── Records supplied ──

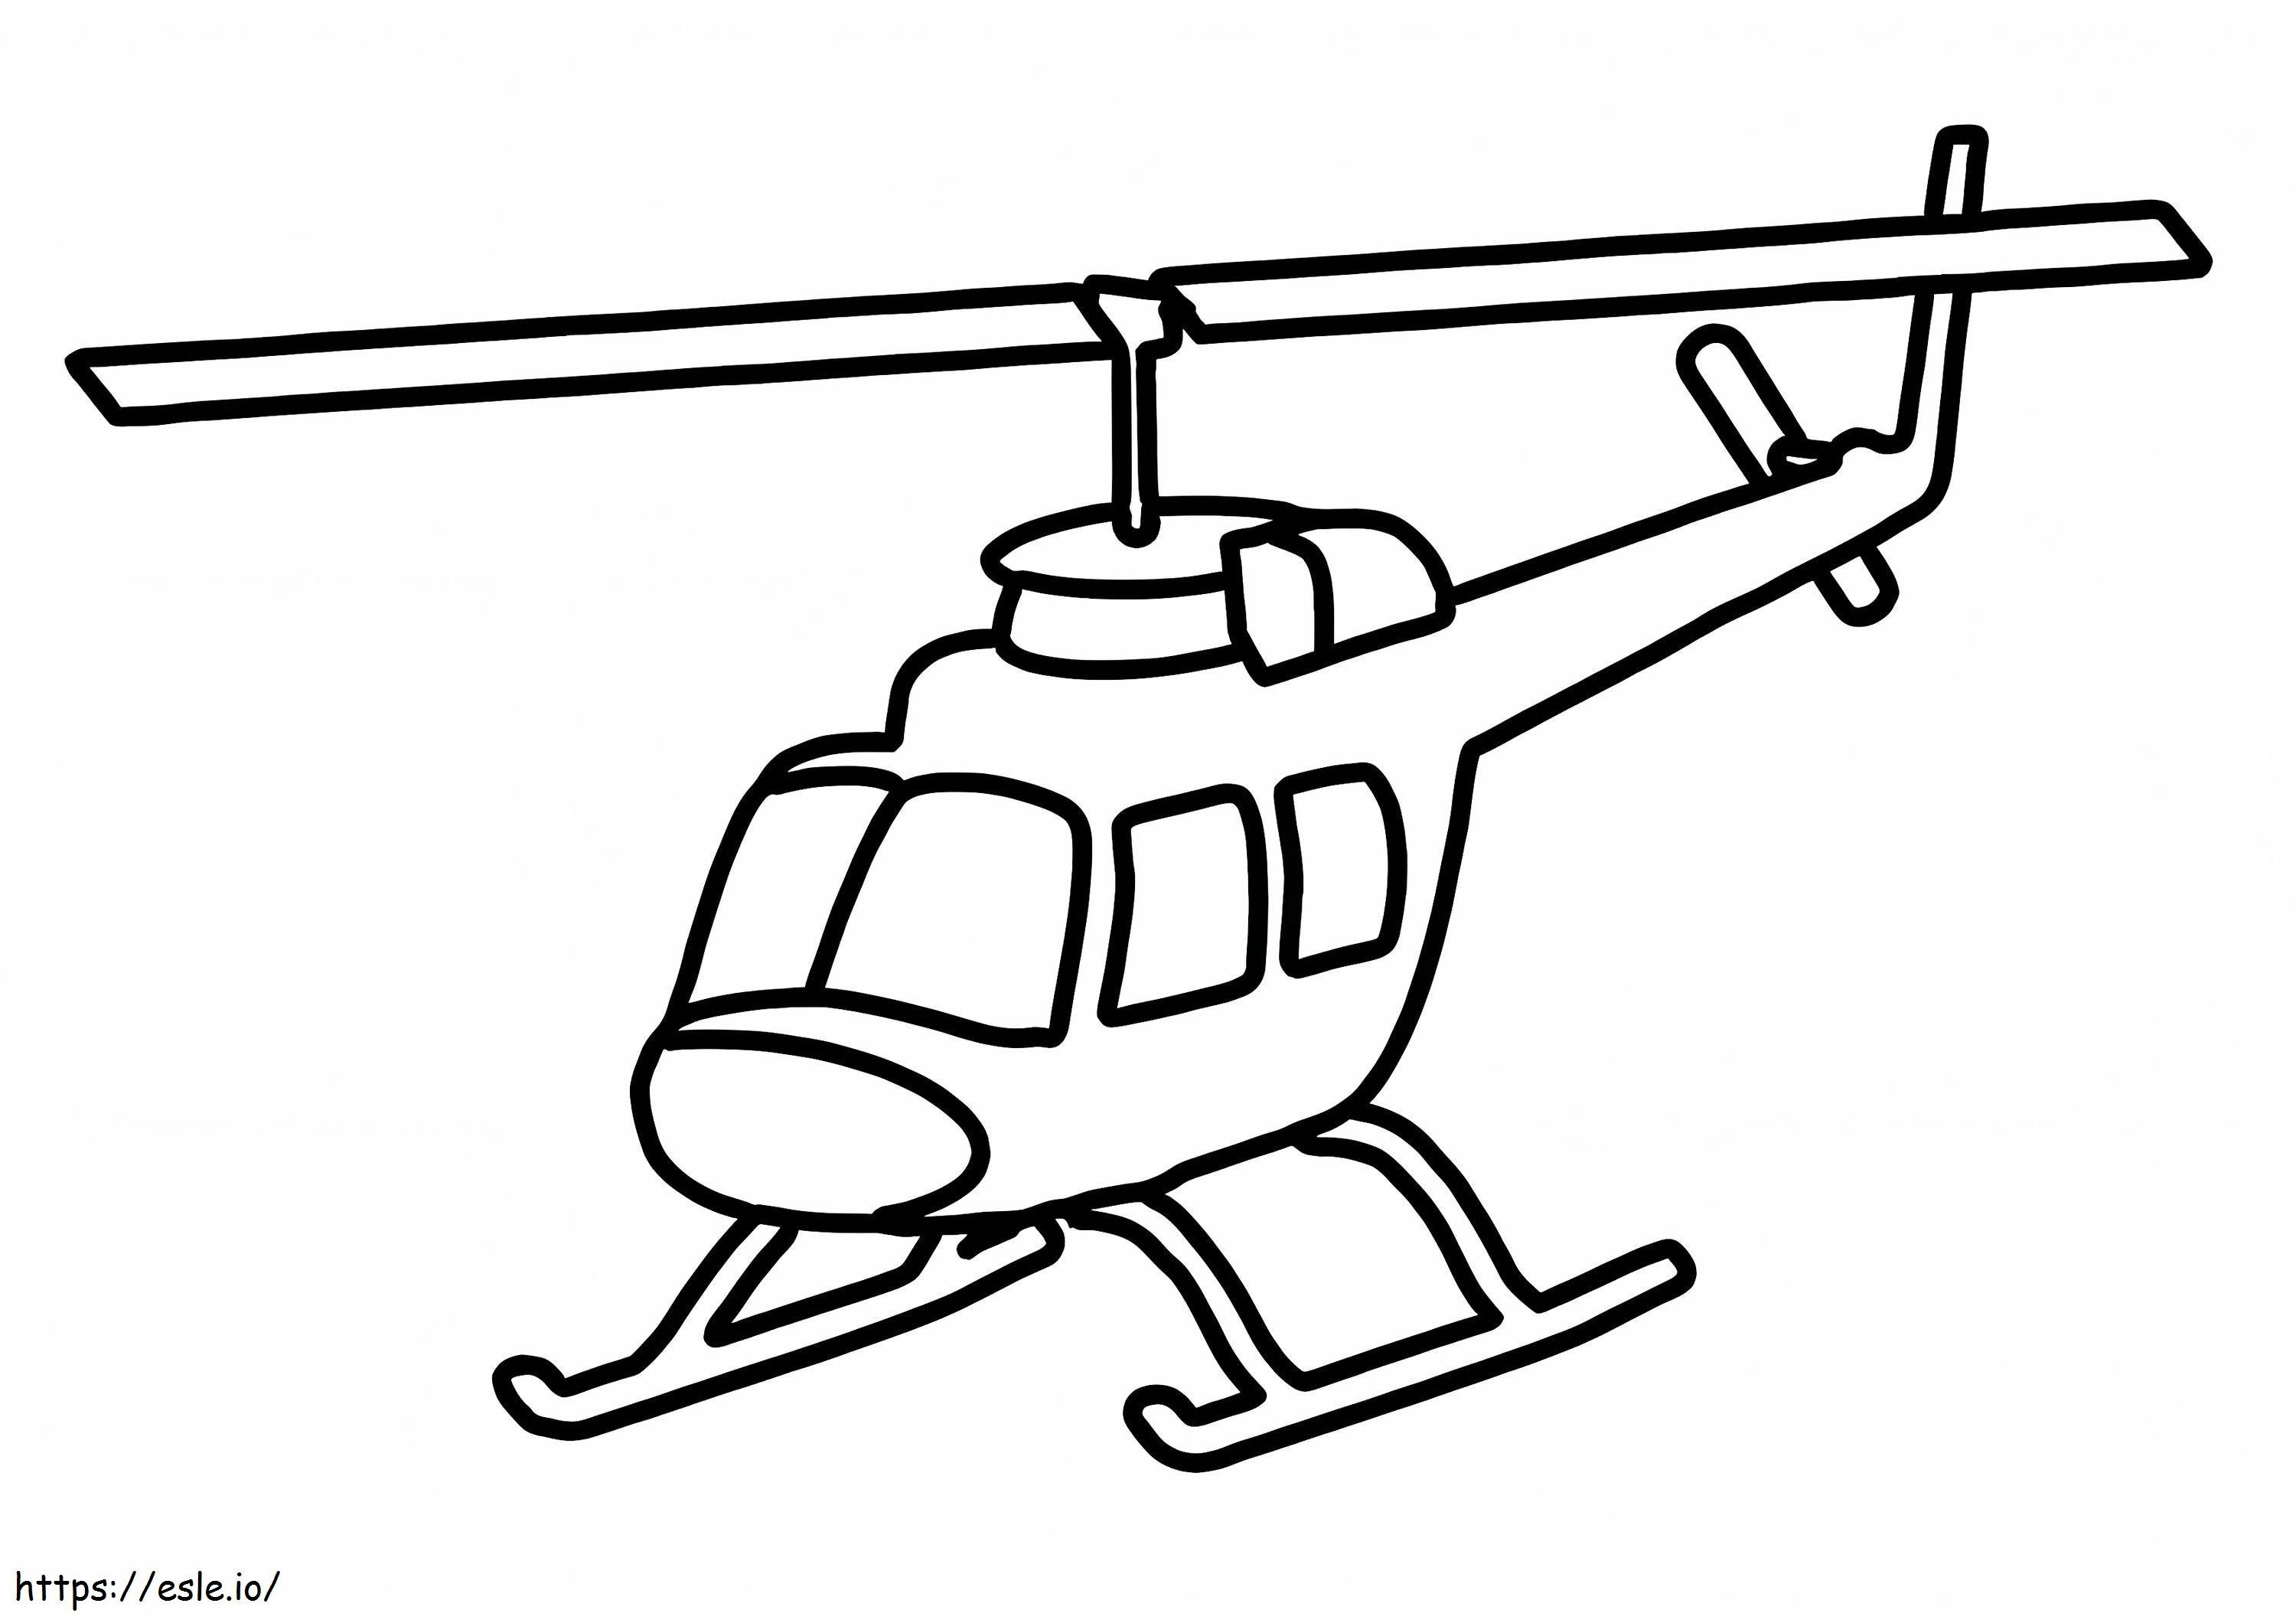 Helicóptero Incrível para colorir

───
── Records supplied ──

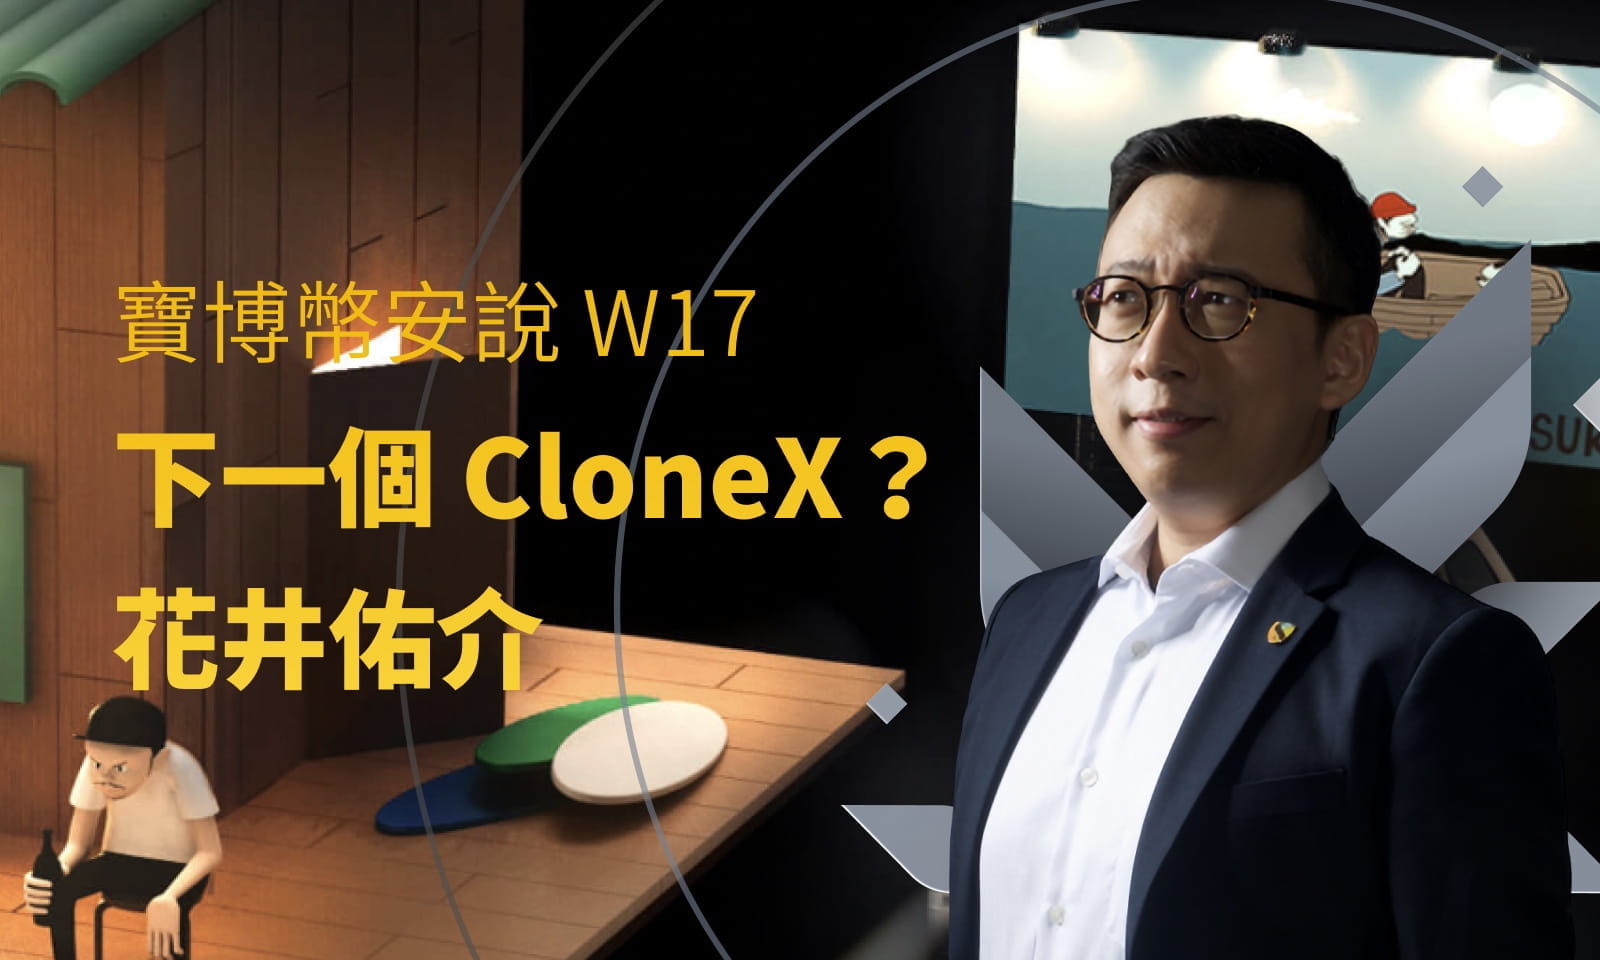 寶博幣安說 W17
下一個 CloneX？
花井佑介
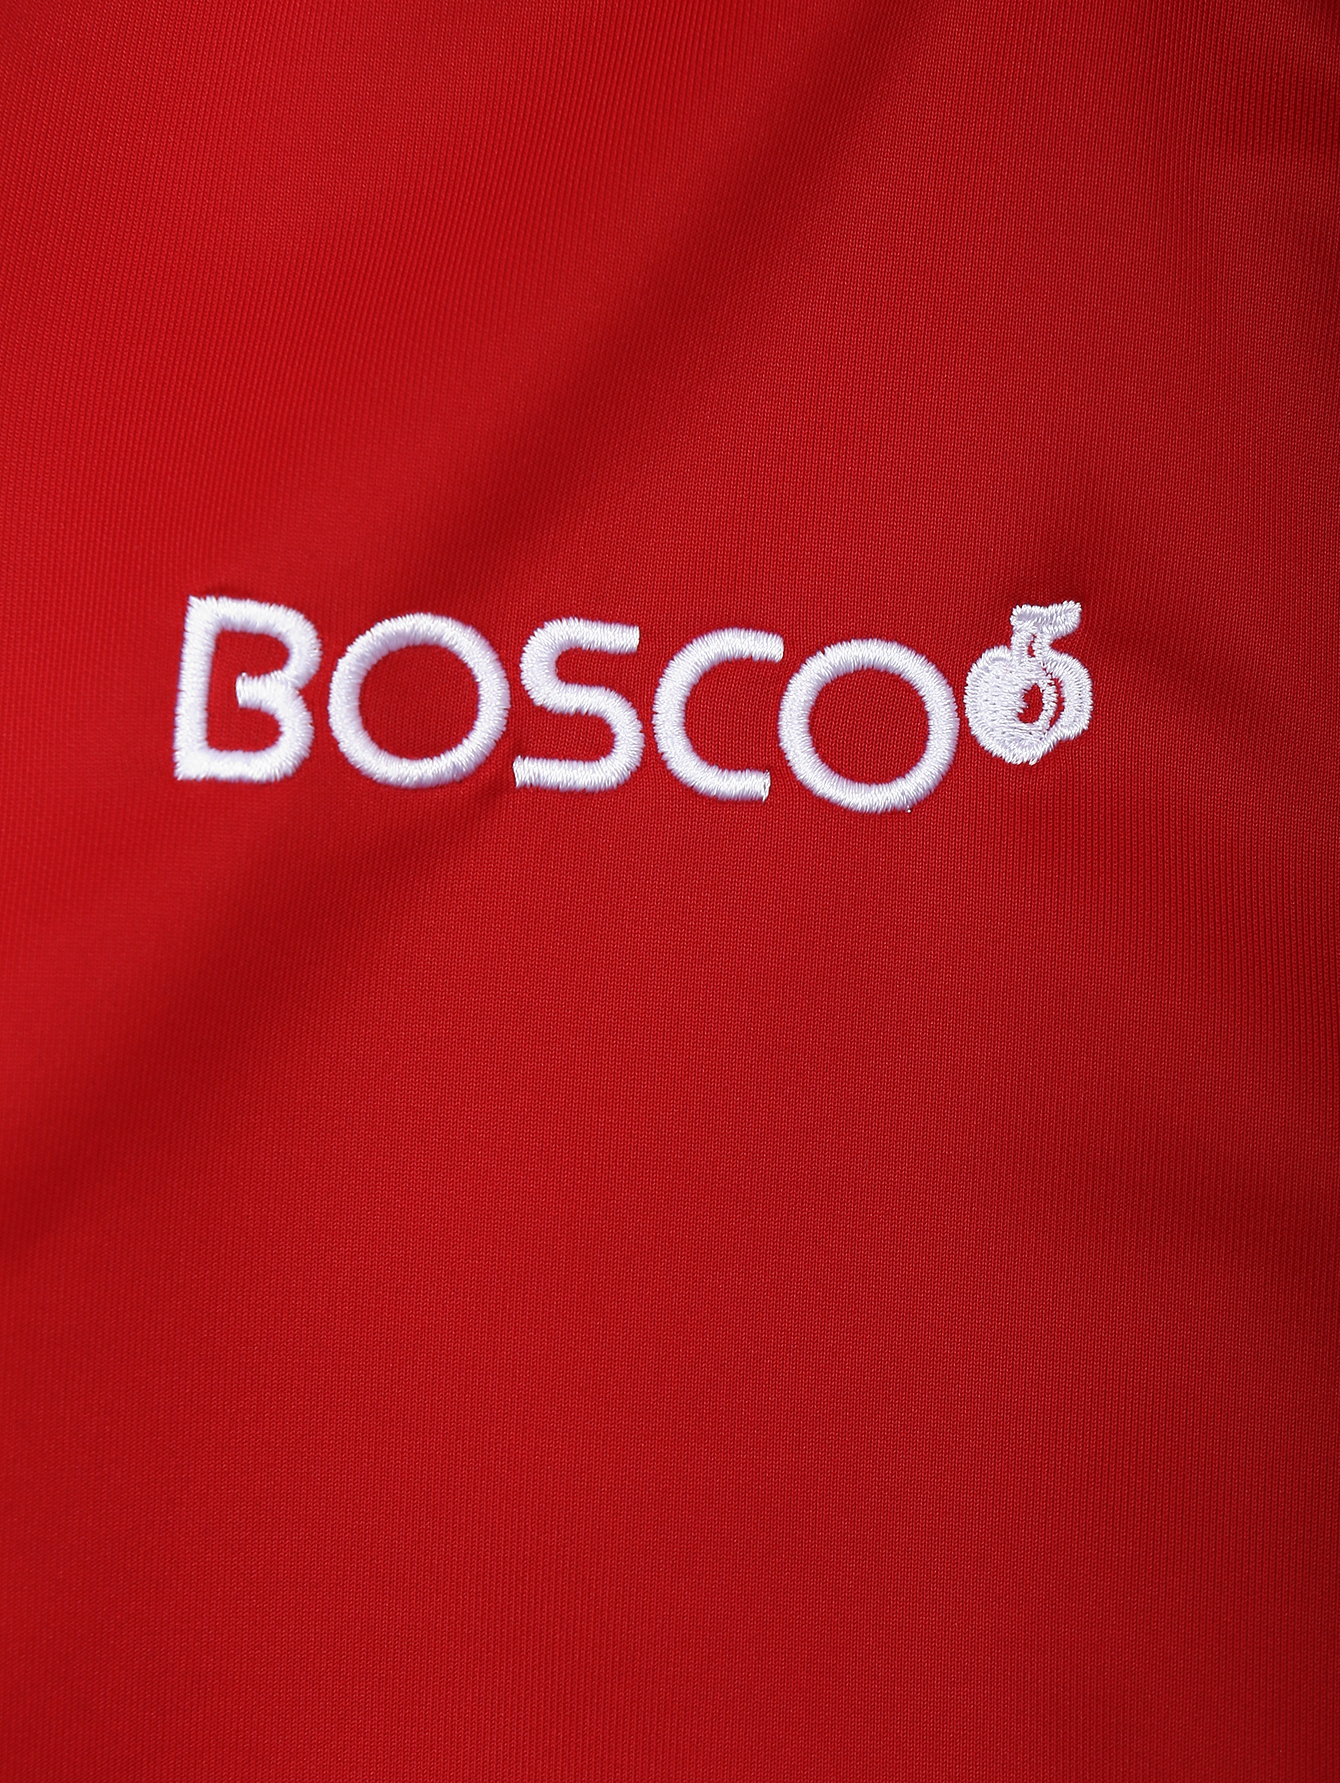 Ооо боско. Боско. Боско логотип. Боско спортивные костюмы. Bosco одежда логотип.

───

◆ **Task item**:
Starting with the line above that holds "下一個 CloneX？", restate each line word for word up to and including the line that holds "Ооо боско. Боско.". Drop the pictures.

◆ **Result of this exercise**:
下一個 CloneX？
花井佑介
 Ооо боско. Боско. Боско логотип. Боско спортивные костюмы. Bosco одежда логотип.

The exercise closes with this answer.